Speaking out on the matter in 2019 he admitted he should “not have listened” to the former prime minister.
“They asked me to shut up, so I shut up. That is something I criticise myself for. I should have spoken out rather than stay silent.”
In order to avoid another Brexit, member states and EU institutions should “consistently provide wide-reaching information to EU citizens on the functioning of the European Union […] and the consequences of leaving the EU”, the report said.
MEPs said “misinformation” had influenced the UK’s vote to leave and warned that future referendums were at risk of “disinformation, foreign interference and funding irregularities”.
The report said Brussels had achieved its “key aims” in the Brexit talks through EU unity in the face of a British “rejection of the obligations linked to EU membership”. It praised the bloc for swiftly identifying its objectives of securing the financial settlement, or “Brexit bill”, protecting the rights of citizens and the circumstances of Ireland.
In contrast, it attacked the UK Government for failing to plan for Brexit, which it said raised “the spectre” of no deal.

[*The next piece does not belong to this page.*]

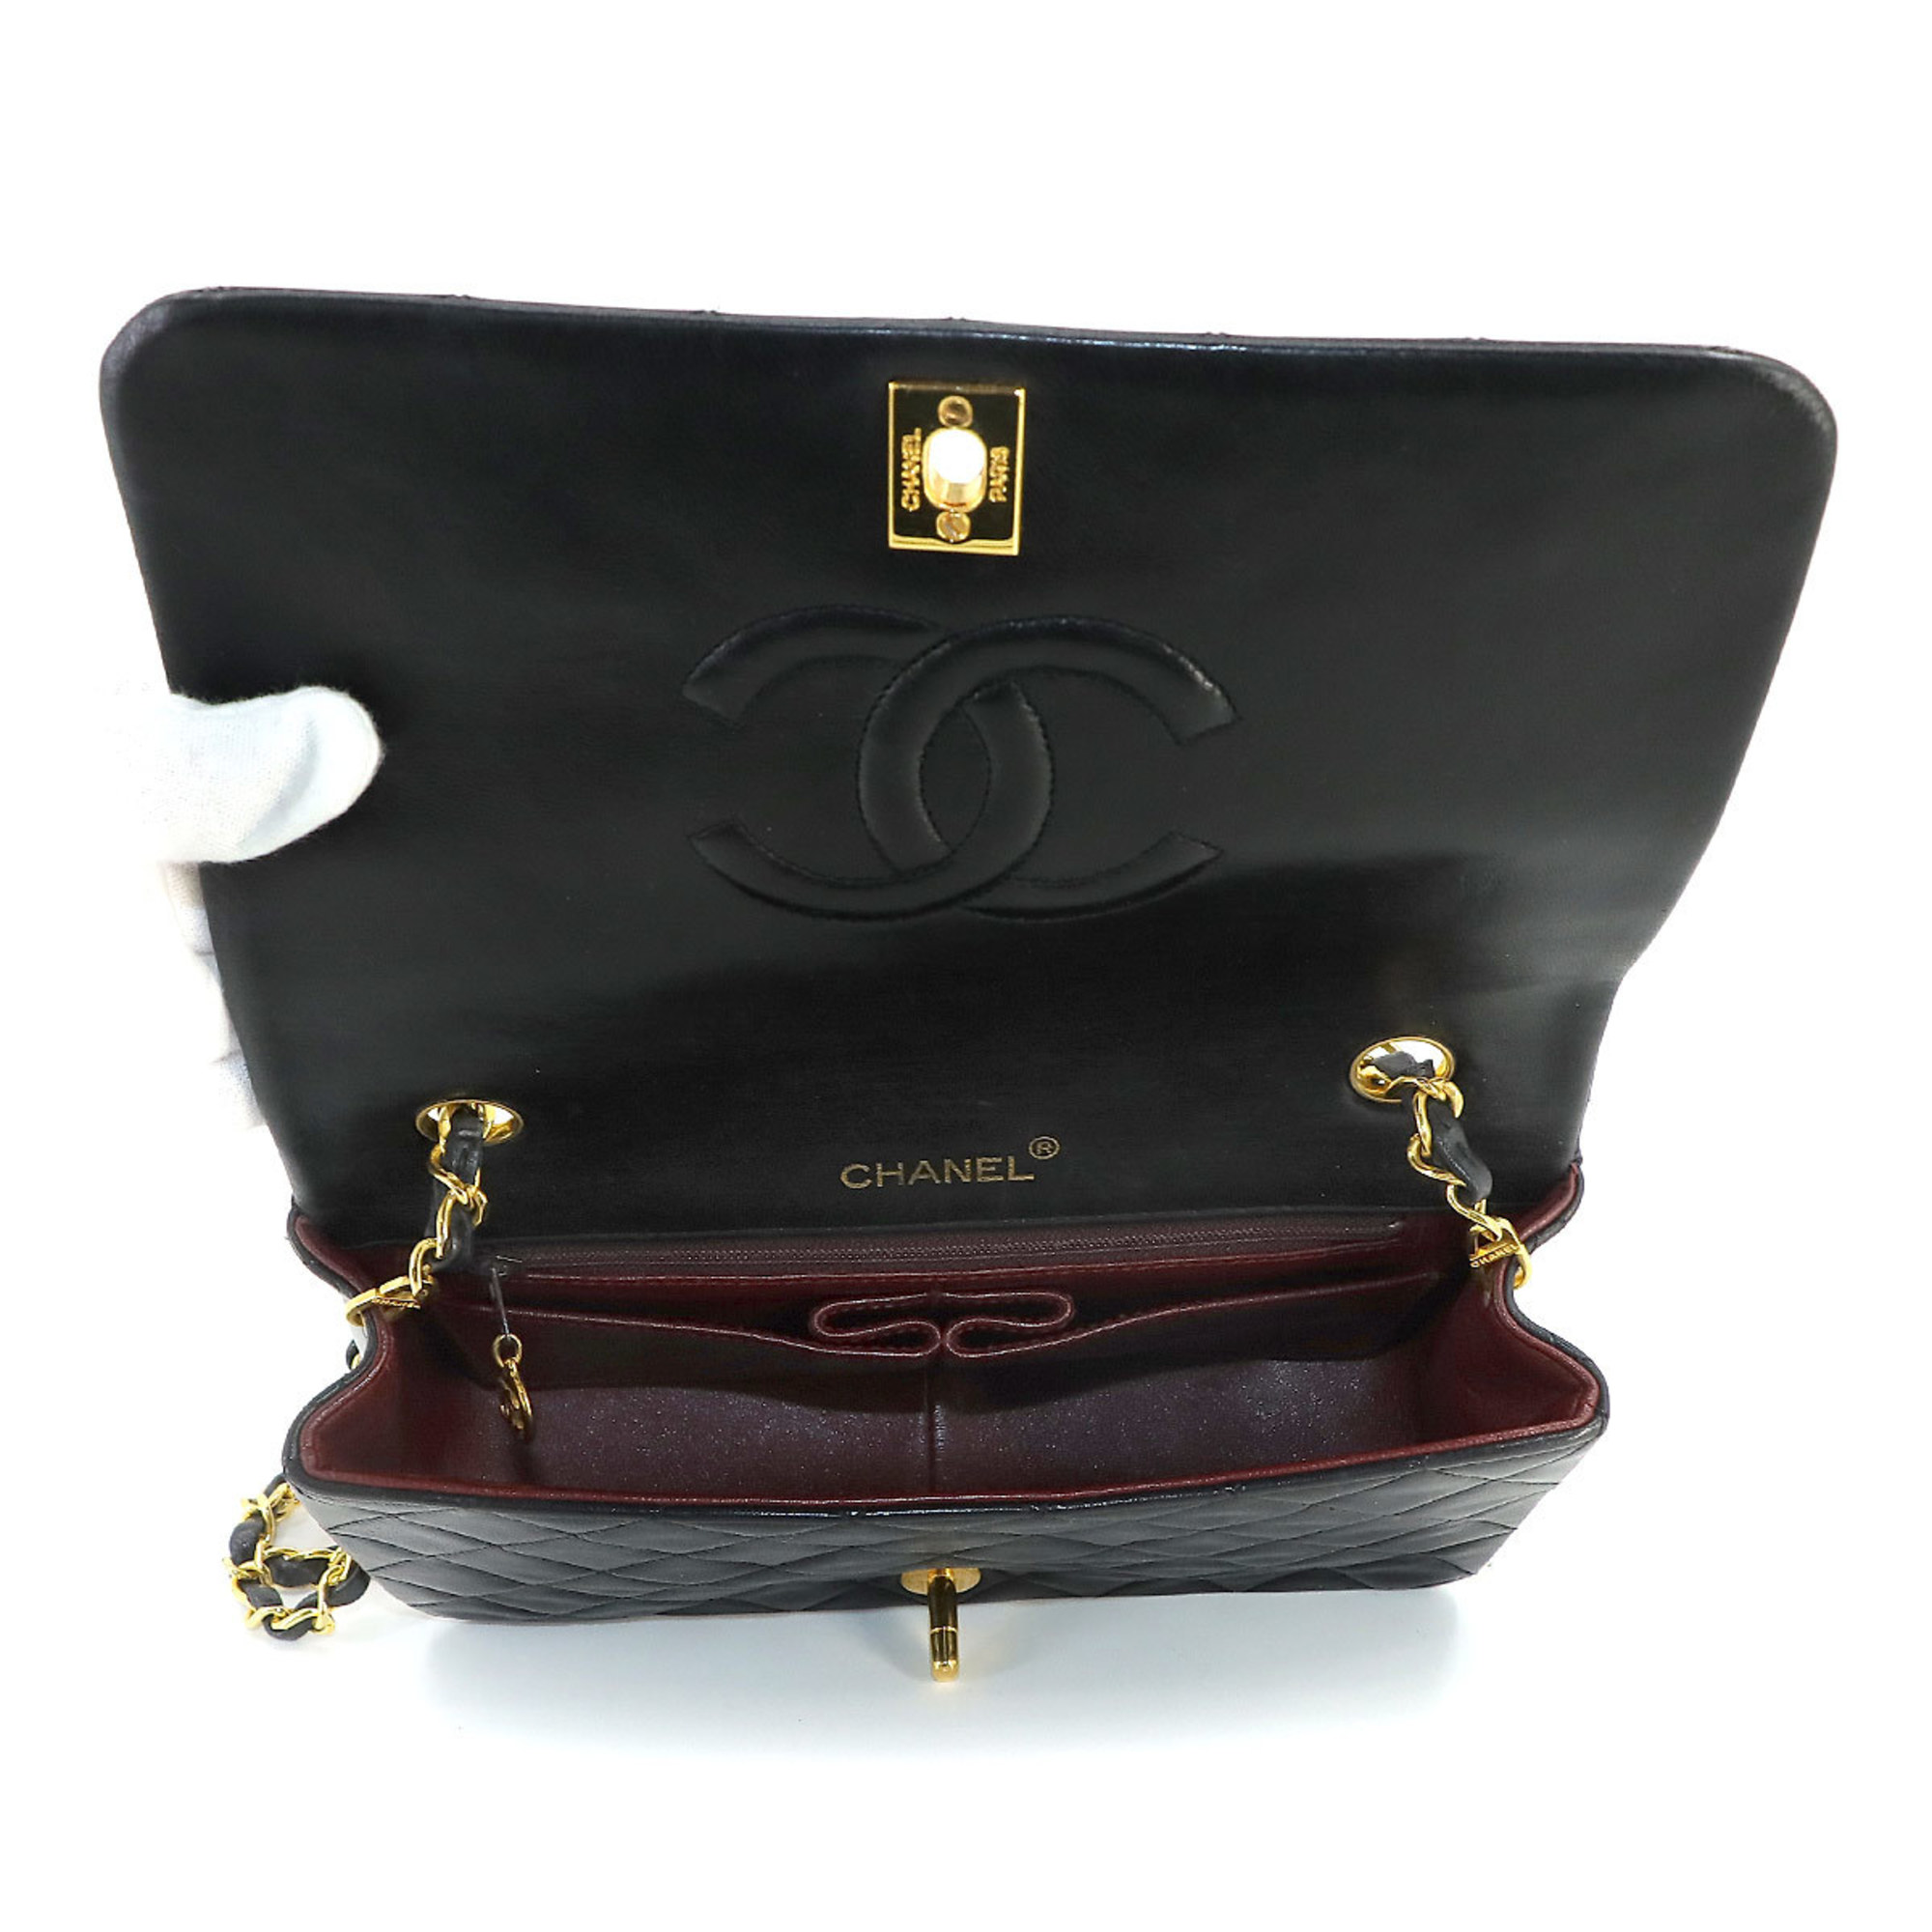 CHANEL Matelasse Chain Shoulder Bag Leather Black Gold Hardware

“The political and economic consequences of the decision to leave the union are significant,” the non-binding report said. “These were not genuinely and fully assessed by the UK prior to its decision to withdraw.”
The report said any other country wanting to trigger the Article 50 process should also have to provide a “a blueprint of the future relationship that the withdrawing Member State has in mind”.
A UK Government spokesman said: “The British people voted to leave the European Union, and this government delivered on that result. We will go further and faster to deliver on the promise of Brexit and take advantage of the enormous potential that our new freedoms bring.”